_Source data_
::::

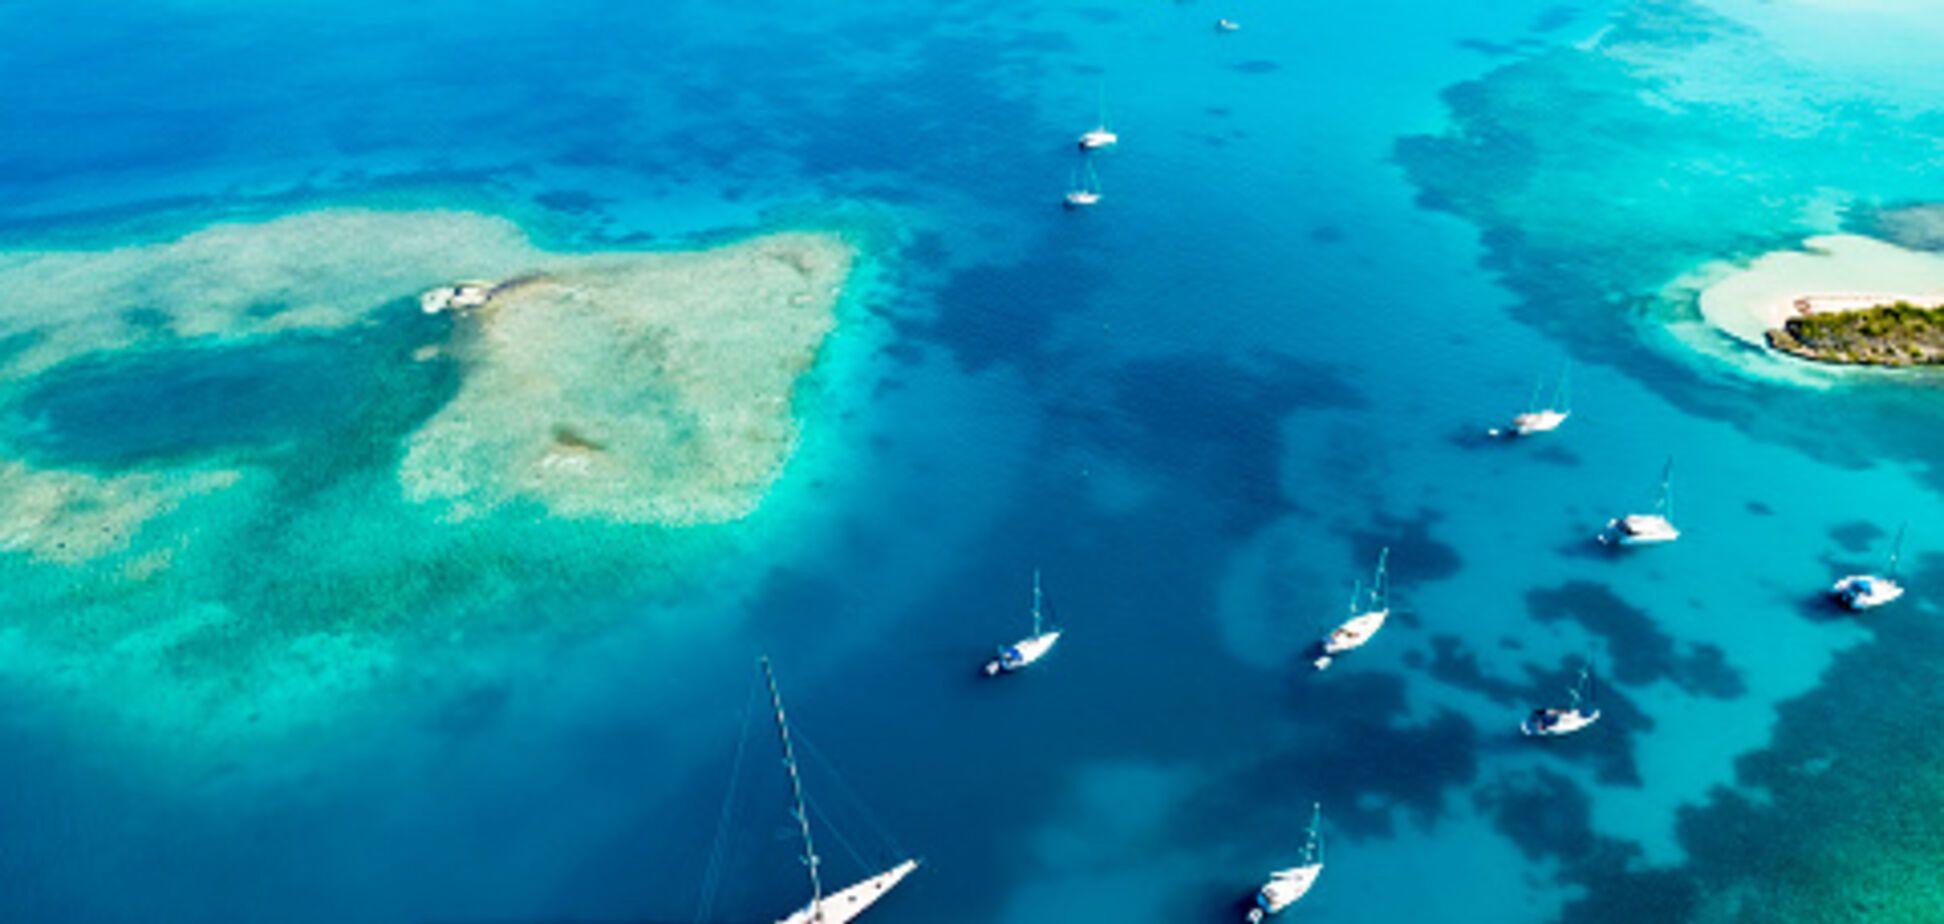 Райские пляжи: Украина получила 'безвиз' с государством в Карибском море
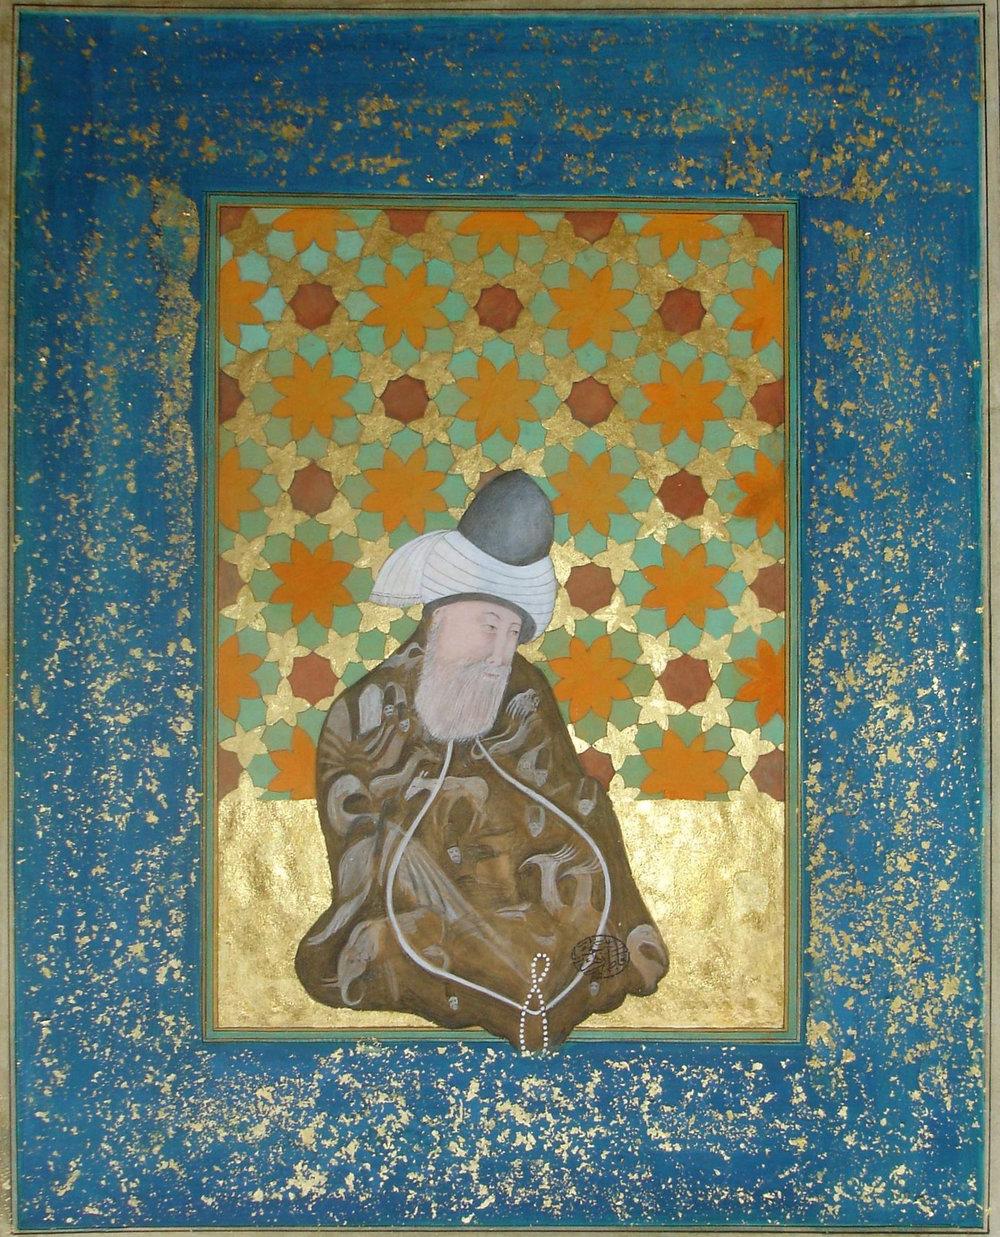 Rumi - The Seeker_2004_07jpg.jpg
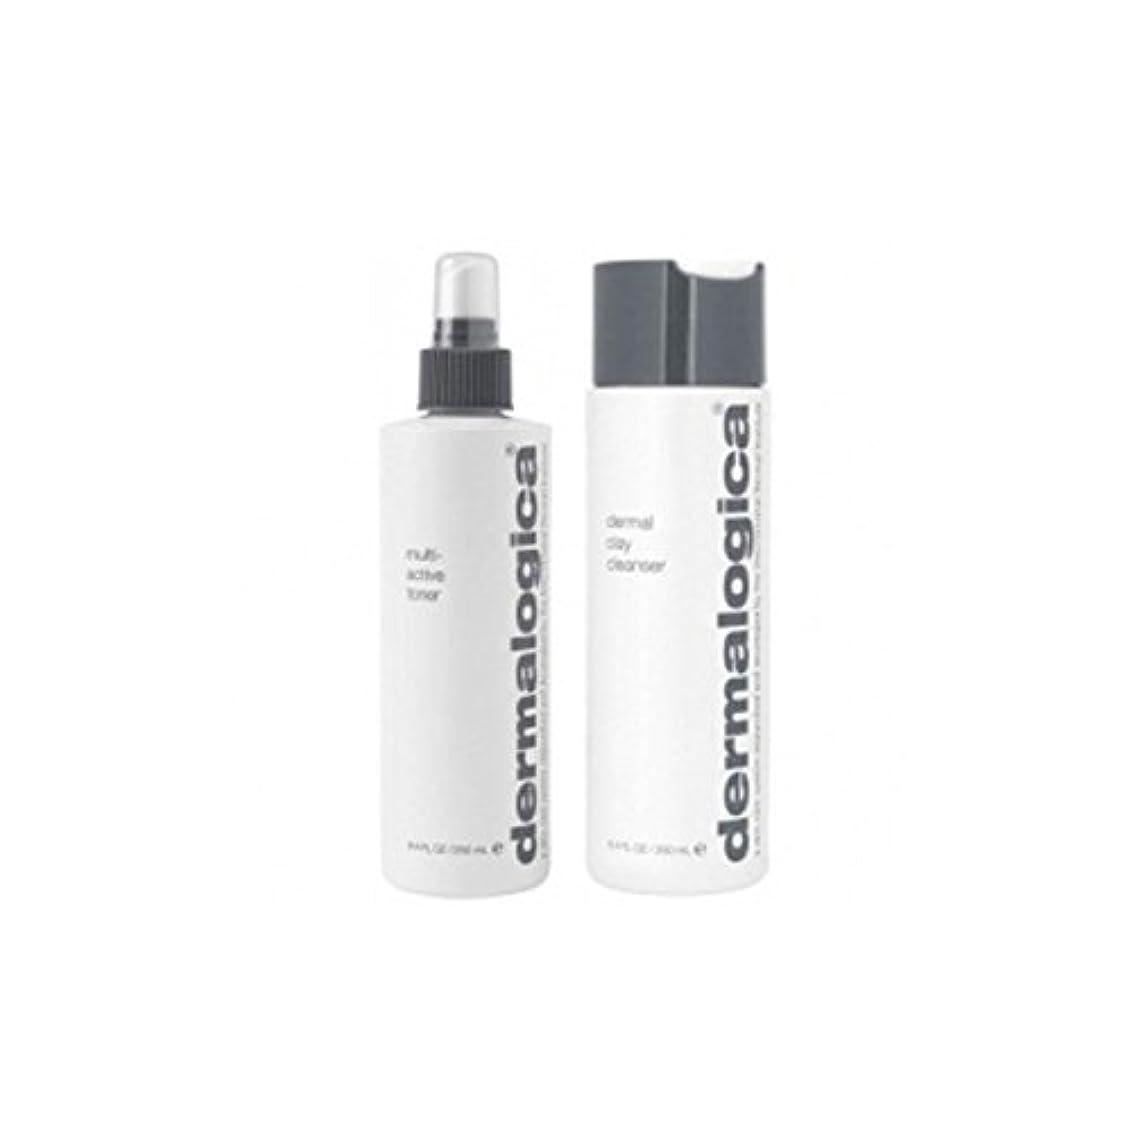 ブロック戦争解釈的ダーマロジカクレンジング&トーンデュオ - 脂性肌(2製品) x2 - Dermalogica Cleanse & Tone Duo - Oily Skin (2 Products) (Pack of 2) [並行輸入品]
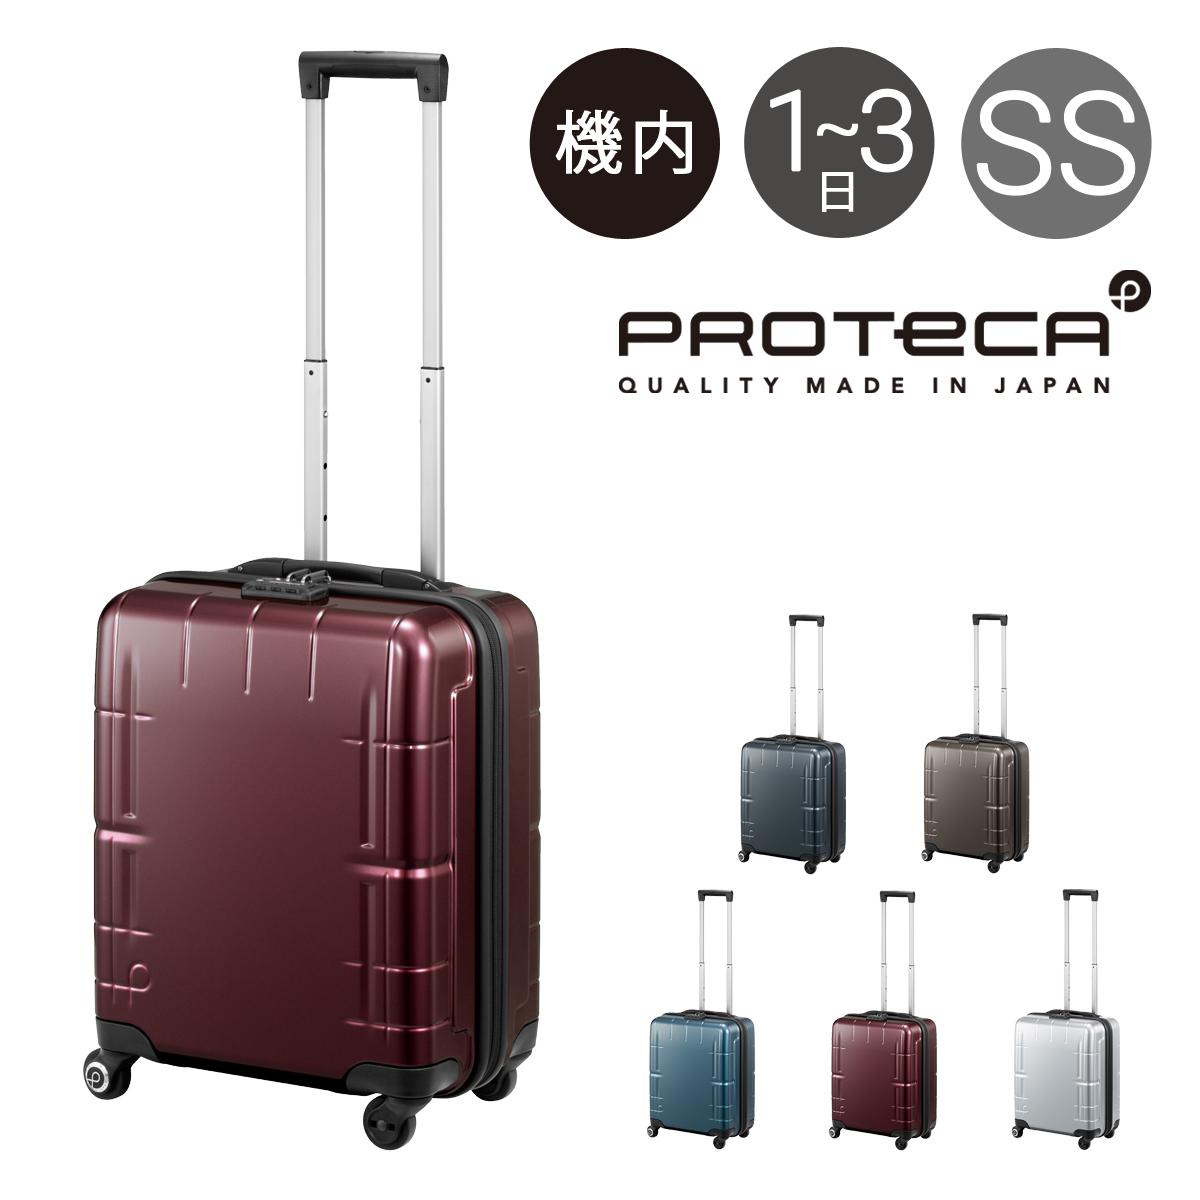 プロテカ スーツケース 機内持ち込み 37L 45cm 3.1kg スタリアVs 02951 日本製 PROTECA ハード ファスナー キャリーバッグ キャリーケース 軽量 ストッパー付き 静音 TSAロック搭載 3年保証[PO10][bef]

::::

_Your instructions_
In the copy, include exactly the lines from the one with "Rumi - The Seeker_2004_07jpg.jpg" through the final line of the data, both ends included, and no pictures.

_Reply to the task_
 Rumi - The Seeker_2004_07jpg.jpg
 ブロック戦争解釈的ダーマロジカクレンジング&トーンデュオ - 脂性肌(2製品) x2 - Dermalogica Cleanse & Tone Duo - Oily Skin (2 Products) (Pack of 2) [並行輸入品]
 プロテカ スーツケース 機内持ち込み 37L 45cm 3.1kg スタリアVs 02951 日本製 PROTECA ハード ファスナー キャリーバッグ キャリーケース 軽量 ストッパー付き 静音 TSAロック搭載 3年保証[PO10][bef]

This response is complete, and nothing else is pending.